Maronite Catholic Eparchy of Joubbé, Sarba and Jounieh (in Latin: Eparchia Ioubbensis, Sarbensis et Iuniensis Maronitarum) is an eparchy of the Maronite Church immediately subject to the Maronite Patriarch of Antioch in Lebanon. In 2013 there were 396,250 baptized. It is currently governed by the Maronite Patriarch, Cardinal Bechara Boutros al-Rahi, OMM.

Territory and statistics

The eparchy extends its jurisdiction over the Maronite faithful living in the north-central part of the Mount Lebanon Governorate, in Lebanon. Its eparchial seat is the city of Jounieh.

The territory is divided into 149 parishes and in 2013 there were 396,250 Maronite Catholics.

History

The Eparchy of Sarba was erected on December 11, 1959 with the bull Orientalis Ecclesiae of Pope John XXIII, with territory taken of the Eparchy of Damascus (today archeparchy). The Eparchy of Jounieh was erected on August 4, 1977.

The eparchy of Joubbé was erected on May 2, 1986. On June 9, 1990 the eparchies of Joubbé and Sarba were united, together with Batroun.

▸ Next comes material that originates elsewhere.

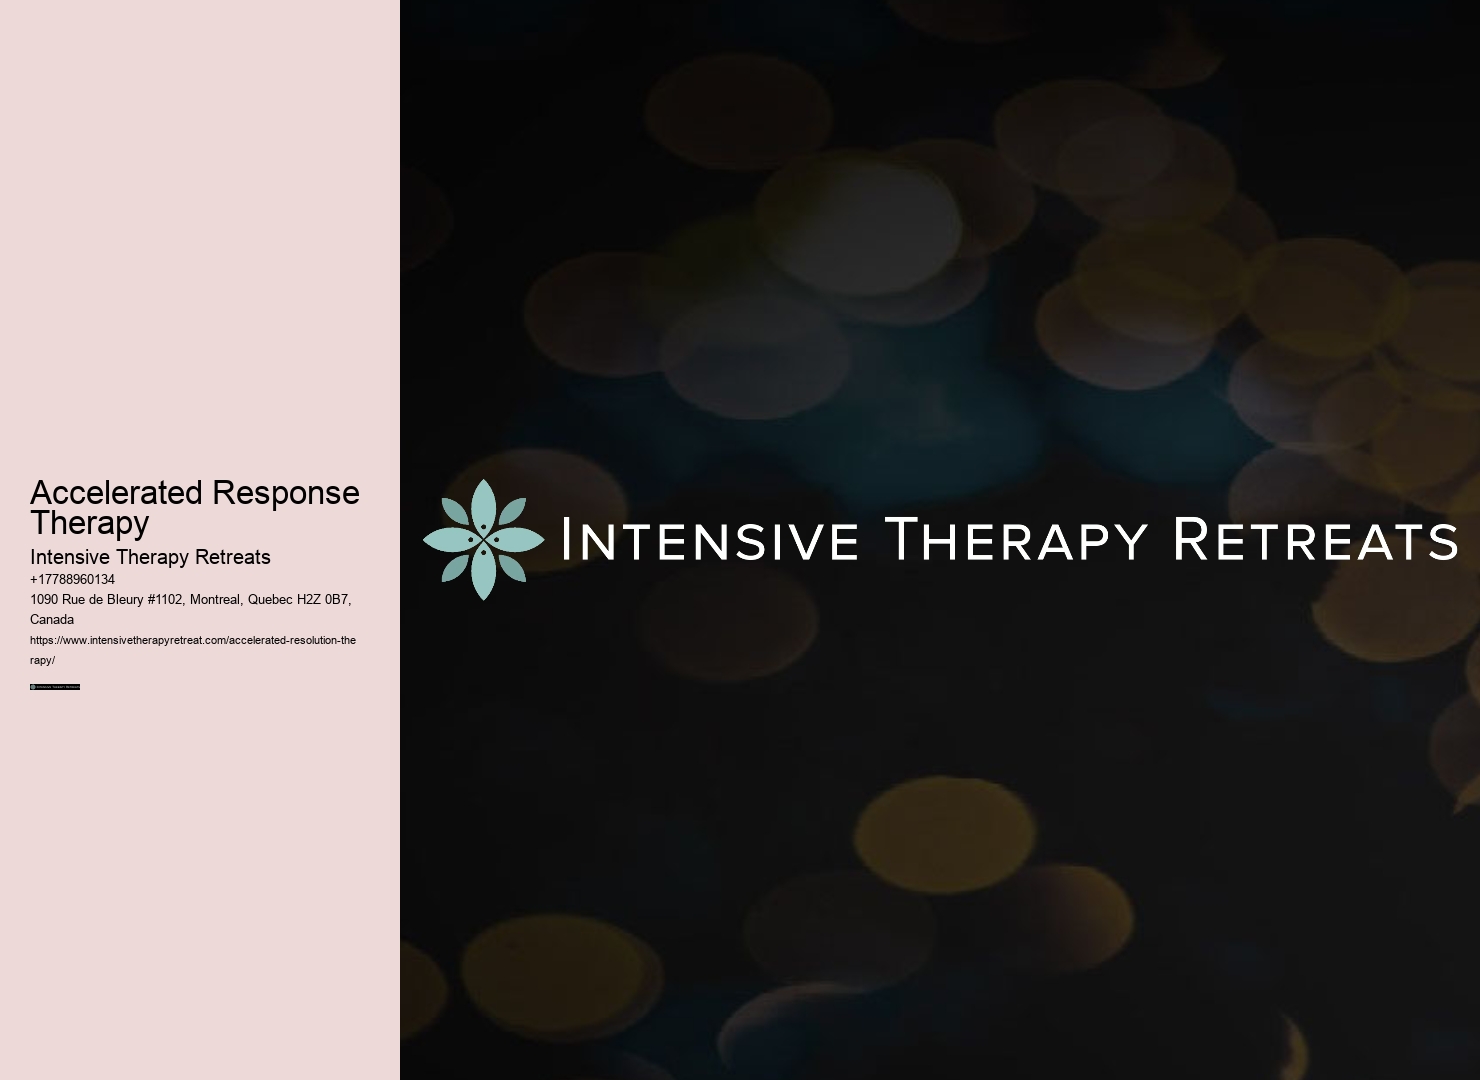 Accelerated Response Therapy

On June 5, 1999 the eparchies of Joubbé and Sarba were united to the Eparchy of Jounieh, while Batroun again became an independent ecclesiastical district.

The eparchy is the home of its patriarch of Antioch of the Maronites, which governs the three dioceses by three patriarchal vicars.

Center of Pilgrimage

Harissa, that has a statue of the Our Lady of Lebanon, is a center of pilgrimage for the faithful of the Maronite Church.

Eparchs

Bishops of Sarba

 Michael Doumith (December 11, 1959 – February 25, 1989 deceased)

Bishops of Jounieh

 Chucrallah Harb (August 4, 1977 – June 5, 1999 withdrawn)

Bishops of Joubbé

 Nasrallah Boutros Sfeir (May 2, 1986 – June 9, 1990)

Bishops of Joubbé, Sarba and Batroun

 Nasrallah Boutros Sfeir (June 9, 1990 – June 5, 1999)

Bishops of Joubbé, Sarba and Jounieh

 Nasrallah Boutros Sfeir (June 5, 1999 – February 26, 2011 resigned)
 Bechara Boutros al-Rahi, OMM, (since 15 March 2011)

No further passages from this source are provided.